# Hoppy's DIY Hood



## hoppycalif (Apr 7, 2005)

I'm going to have egg on my face if this project flops, but I plan to update this as I progress. My plan is to make a hood covering the entire top of this tankNote that there are no square corners on the tank or the stand, so a simple box hood would probably not look great.)










First: I made a template, using photo matting, which I already had. It looked like this:










Then I visited Home Depot and got an 8' long oak 1 x 4, an 8 foot length of oak quarter round, and a 2' x 4' piece of 1/4" thick oak plywood. Today I cut out the pieces for the frame of the hood. Note that the curved piece will be on the top, the sides are 1 x 4's, and 1/4" plywood will fill in the curved front and the top. I will assemble these using "finish" type stainless steel screws, in counter bores where they wont be hit when I round over the corners with a router.

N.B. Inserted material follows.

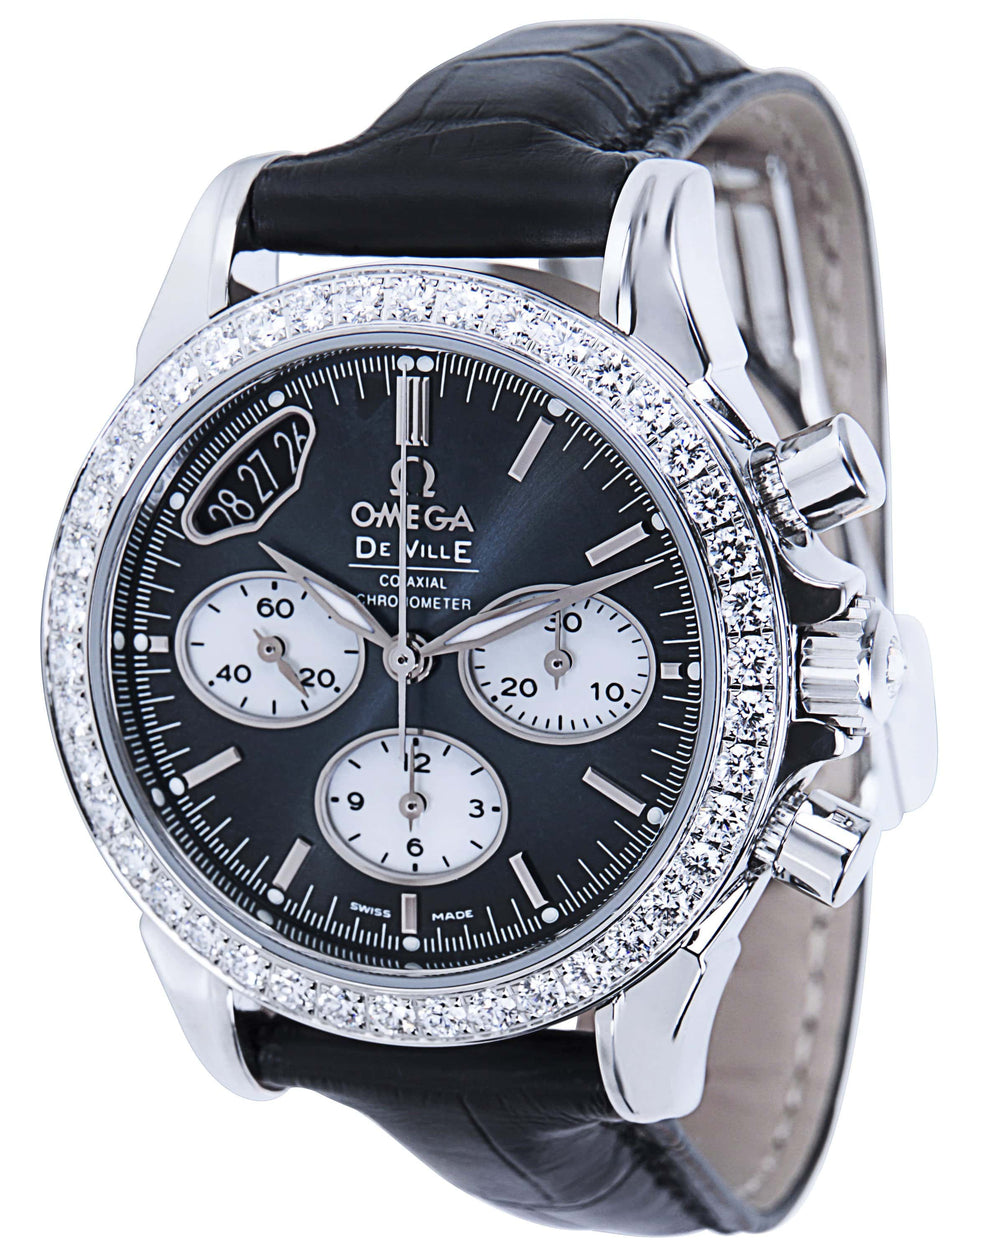 OMEGA De Ville Chronograph Co-Axial 35mm Stainless Steel Diamond / Grey / Strap 422.18.35.50.06.001 2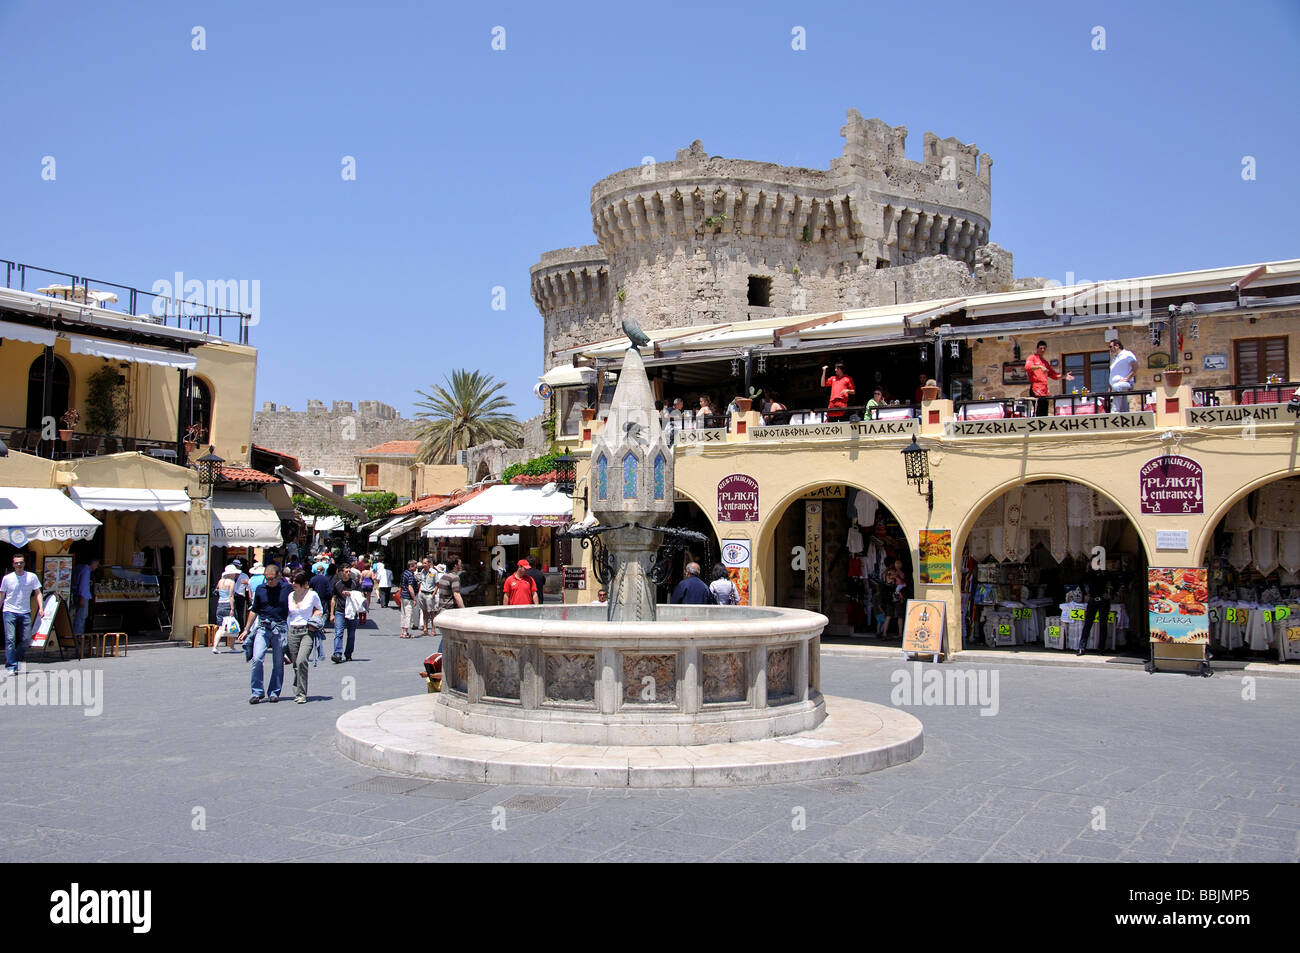 Castellania fountain in Ippokratous Square, Old Town, City of Rhodes, Rhodes (Rodos), Dodecanese, South Aegean Region, Greece Stock Photo

The parts laid out are:










Tomorrow, I hope to assemble the frame!!


----------



## John N. (Dec 11, 2005)

Looks pretty good. I'm no wood worker. But it looks like you got something good going there. Everything looks clean and good to go for your awesome Jebo tank. I assume you are gutting out your old AH kit from your old 29 gallon, and putting it in this hood?

-John N.


----------



## SKSuser (Mar 20, 2006)

Looks pretty sweet!
Do you plan to add any cute little extras? fans, LEDs etc?


----------



## hoppycalif (Apr 7, 2005)

I have a 3 inch fan that will go in one end, and the lights will be swapped from my 29 gallon tank hood. The hood will be cut in about half and hinged with a piano hinge so the front half will fold back and rest on the back half for maintenance and feeding. All of this with only powered hand tools - a skilsaw, a jigsaw, a hand drill, and a couple of sanders. Now that I live in a condo, my workshop is a memory only.


----------



## hoppycalif (Apr 7, 2005)

I just finished glueing the four pieces that make up the "skeleton" of the hood, using ordinary "carpenter's glue", yellow glue. No screws used. There will be enough glue joints, with enough surface area to hold it all together permanently.


----------



## Jdinh04 (Oct 7, 2004)

Its looking nice Hoppy, looking professional too! Can't wait until its finished!


----------



## bpimm (Jun 12, 2006)

hoppycalif said:


> I just finished glueing the four pieces that make up the "skeleton" of the hood, using ordinary "carpenter's glue", yellow glue. No screws used. There will be enough glue joints, with enough surface area to hold it all together permanently.


Nice collection of clamps!!

Hood looks good to.

Brian


----------



## hoppycalif (Apr 7, 2005)

No woodworker in the history of mankind ever had too many clamps!! (I have several more!)


----------



## bpimm (Jun 12, 2006)

hoppycalif said:


> No woodworker in the history of mankind ever had too many clamps!! (I have several more!)


Amen

Brian


----------



## hoppycalif (Apr 7, 2005)

I just got the top glued in, and the vent fan installed. The first pic is just to show that you can make things among the clutter of a garage after a move to a smaller house (condo).


----------



## hoppycalif (Apr 7, 2005)

Now the ledges that will support the curved 1/4" plywood front are glued on:


----------



## hoppycalif (Apr 7, 2005)

Now, the 1/4" Oak plywood front is glued on.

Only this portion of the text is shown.